Gu Sen, Zhang Tianyi, Wang Hanyu, Wang Qingbin
School of Mechanical and Electrical Engineering, Henan University of Technology, Zhengzhou 450001, China.
School of Design and Art, Henan University of Technology, Zhengzhou 450001, China.
Sensors (Basel). 2025 Aug 14;25(16):5053. doi: 10.3390/s25165053.

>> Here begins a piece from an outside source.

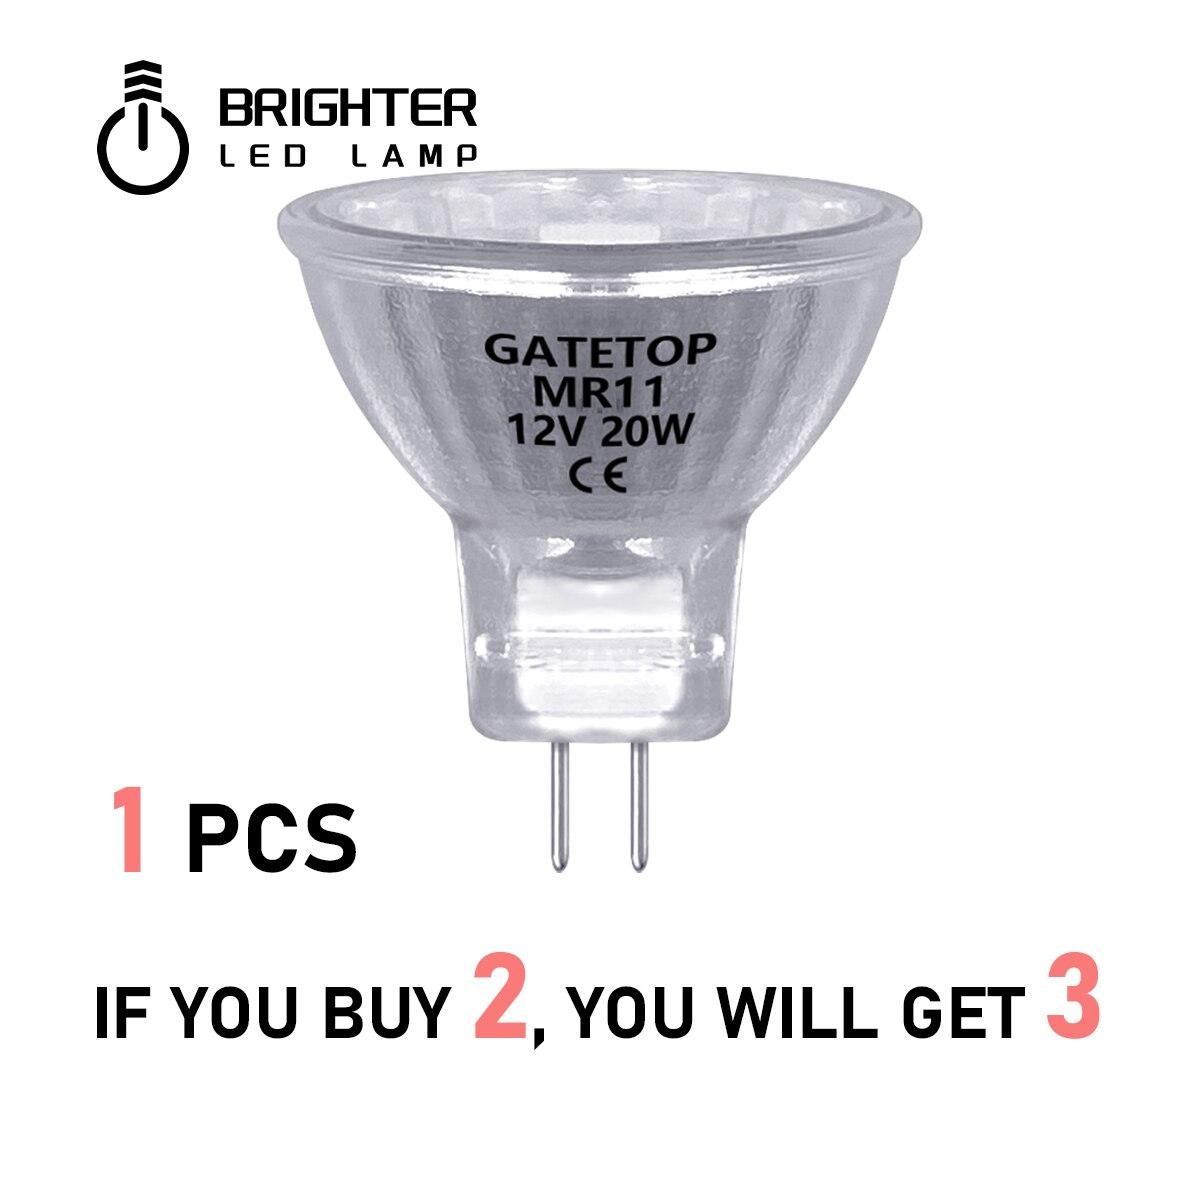 (Купи 2 ПОЛУЧИ 1 бесплатно) галогенная лампа для прожектора Mr11 20 Вт Ac/dc 12 в 1 шт. энергосберегающая лампа Gu4 горячего размера купи 2 и получи 1 бес...

Ergonomic assessments for specialized vehicle cockpits are often costly, subjective, or fragmented. To address these issues, this study proposes and validates a quantifiable comprehensive evaluation method combining optical motion capture with simulation. The methodology uses motion capture to acquire accurate, dynamic operator posture data, which drives a digital human model in a virtual environment. A novel assessment framework then integrates the results from six ergonomic tools into a single, comprehensive score using a multi-criteria weighting model, overcoming the 'information silo' problem of traditional software. In a case study optimizing a flatbed transporter cockpit, the method guided a redesign that significantly improved the overall ergonomic score from 0.422 to 0.277. The effectiveness of the optimization was validated by a 40% increase in key control accessibility and a significant reduction in electromyography (EMG) signals in the neck, shoulder, and lumbar regions. This study provides an innovative, data-driven methodology for the objective design and evaluation of customized human-machine systems, demonstrating its utility in reducing physical strain and enhancing operator comfort, with broad applicability to other complex industrial environments.
对专用车辆驾驶舱进行人体工程学评估往往成本高昂、主观或不完整。为了解决这些问题,本研究提出并验证了一种将光学动作捕捉与模拟相结合的可量化综合评估方法。该方法利用动作捕捉获取准确的动态操作员姿势数据,在虚拟环境中驱动数字人体模型。然后,一个新颖的评估框架使用多标准加权模型将六种人体工程学工具的结果整合为一个单一的综合分数,克服了传统软件的“信息孤岛”问题。在一个优化平板运输车辆驾驶舱的案例研究中,该方法指导了一次重新设计,使整体人体工程学分数从0.422显著提高到0.277。关键控制可达性提高40%以及颈部、肩部和腰部区域的肌电图(EMG)信号显著减少,验证了优化的有效性。本研究为定制人机系统的客观设计和评估提供了一种创新的、数据驱动的方法,证明了其在减轻身体疲劳和提高操作员舒适度方面的效用,在其他复杂工业环境中具有广泛的适用性。